Chameleon 8/14/2001
I have a very contradicting personality. I'm fairly quiet in most situations, but in others I'm loud and outgoing. I have enormous patience with some things and none with others. I'm beginning to think I have what my sister likes to call a "chameleon" personality. My personality changes, depending on the types of personalities I'm surrounded by. At my Carnegie summer program, I had very outgoing friends and a very, very outgoing roommate. I had much more of a social life in Carnegie than I did with my friends from home, but I noticed I got alot quieter an much less self-confident when I was around these girls. Natalie, Jade, Dee, and Ilene were so outgoing, beautiful, and smart that I always felt like their quiet, dorky sidekick.
At George Mason University this summer I noticed it too. At one point, it was me, my friend Tammy (aka the female Chris Rock) and three of her friends were sitting and waiting for a conference to begin. Four boys came over to our little group and introduced themselves to all of the girls in our group except me. I don't think the boys did it to be mean, I think they just forgot about me. Of course, this didn't make me feel any better, which made me less self-confident, which makes me even quieter.
However, when I'm with quieter, average looking people, I tend to be a little more outgoing. Does this sound weird? Probably...
I have the same problem with boys. Most of the time, I don't talk to them. I just sound like an idiot, so I try to avoid boys. I don't know why, but I've never realy felt comfortable with most of them. I don't really like boys reading my diary, even though they don't even know who I am...Another odd phobia. Anyway, if I have to talk to a guy, more often than not I will talk to a less-attractive, chubbier guy than a good-looking one. In my experience, the more average-looking guys are usually less likely to be rude. I always feel that if I tried to talk to a good-looking guy, he would kind of just brush me off. Although I have been proven wrong about this theory. Twice. But then again it happened on buses, so maybe they were just bored..I dunno, read "Burning My Review Books" entry...it's a long story.

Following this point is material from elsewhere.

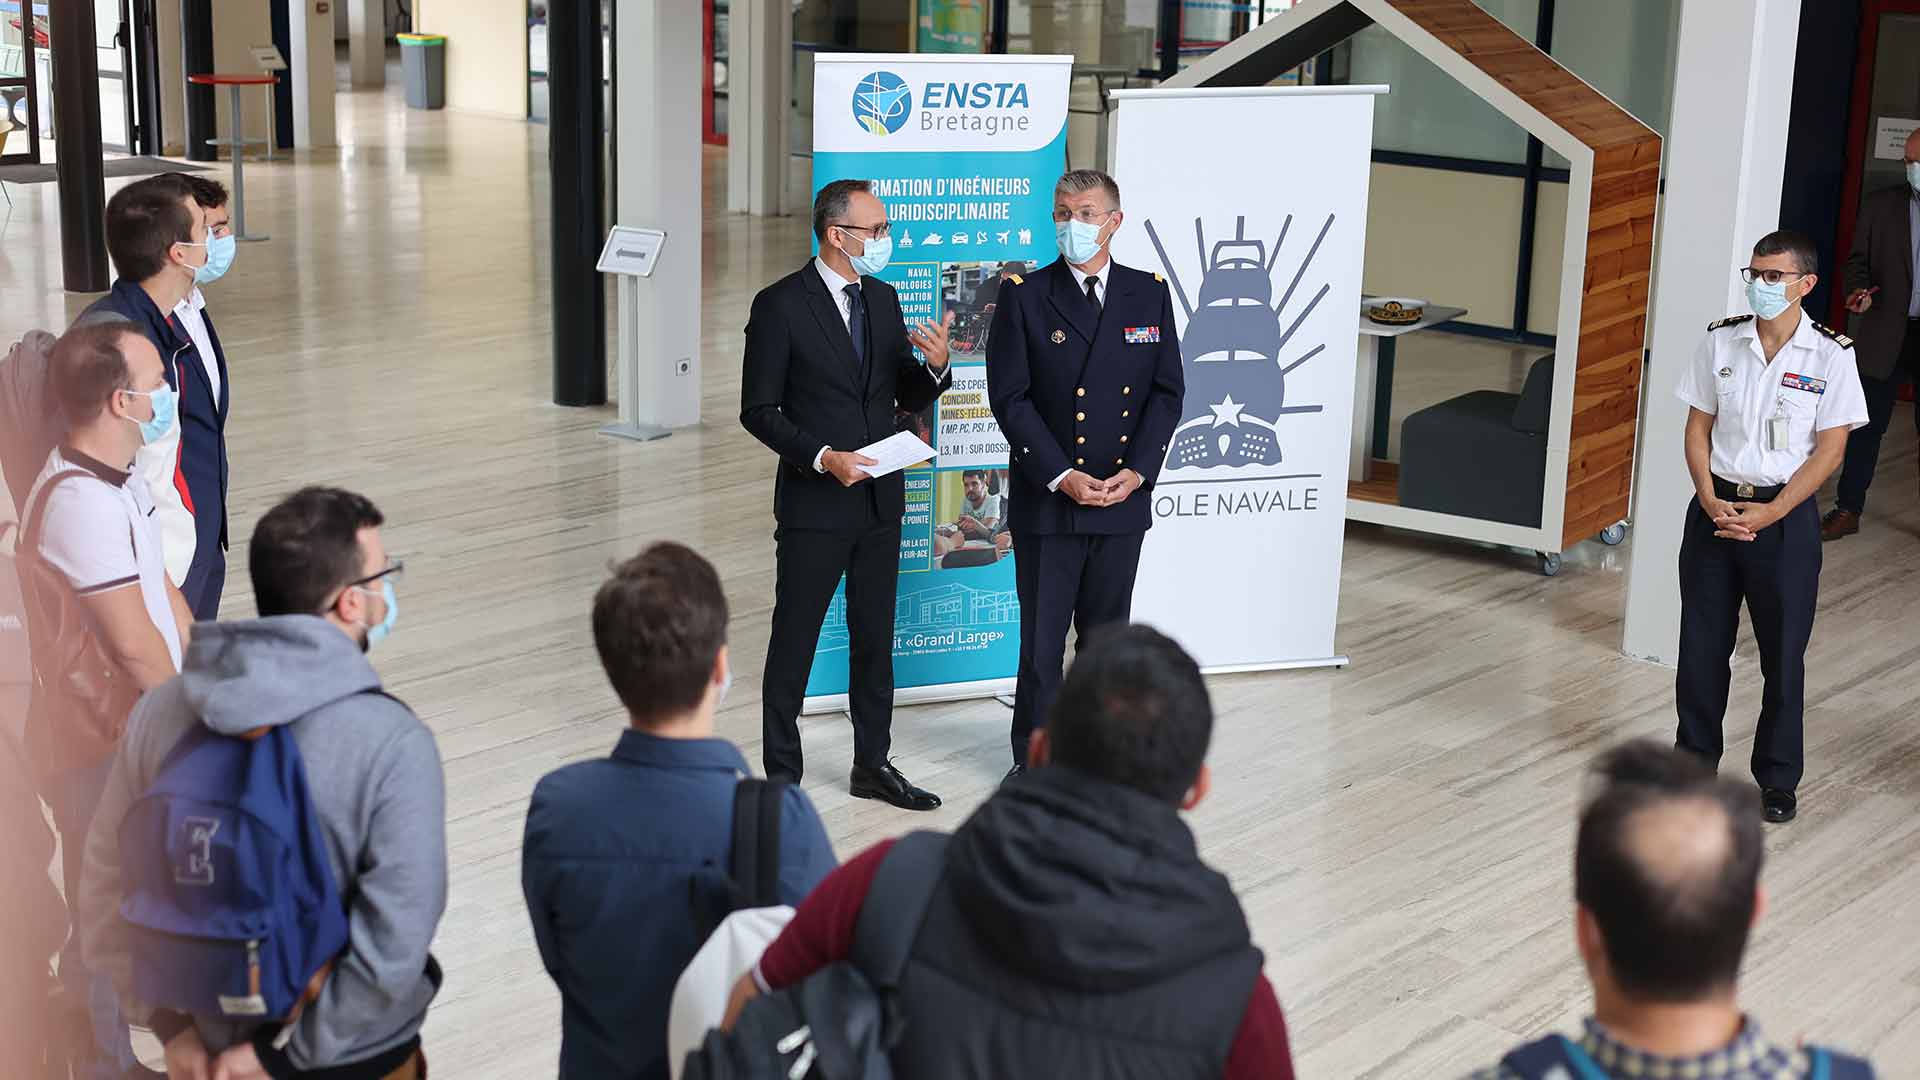 ENSTA Bretagne ; Discours d'accueil ENSTA Bretagne et Ecole Navale pour la rentrée du Mastère Spécialisé Management de Projets Maritimes - Maintenance des navires

Linda IMed me tonight. She sounds like a really sweet girl; I'm trying not to get my hopes up. She's really smart too, she's in SU's Communications program AND I just found out that she's in the honors program at Syracuse. She's willing to split everything with me 50-50. I can't pay the cable bill now, so she's going to pay it and let me reimburse her when I get up there. She has some early classes and right off the bat promised to try really hard not to wake me. She sounds like a pretty normal chick that I couold definitely get along with. She doesn't sound like the partier type though...She going to Syracuse of all places and hates beer and doesn't sound too keen on the frat party scene. Ah well...no-one's perfect. Wow, this entry got way off topic too. Two in a row, go me.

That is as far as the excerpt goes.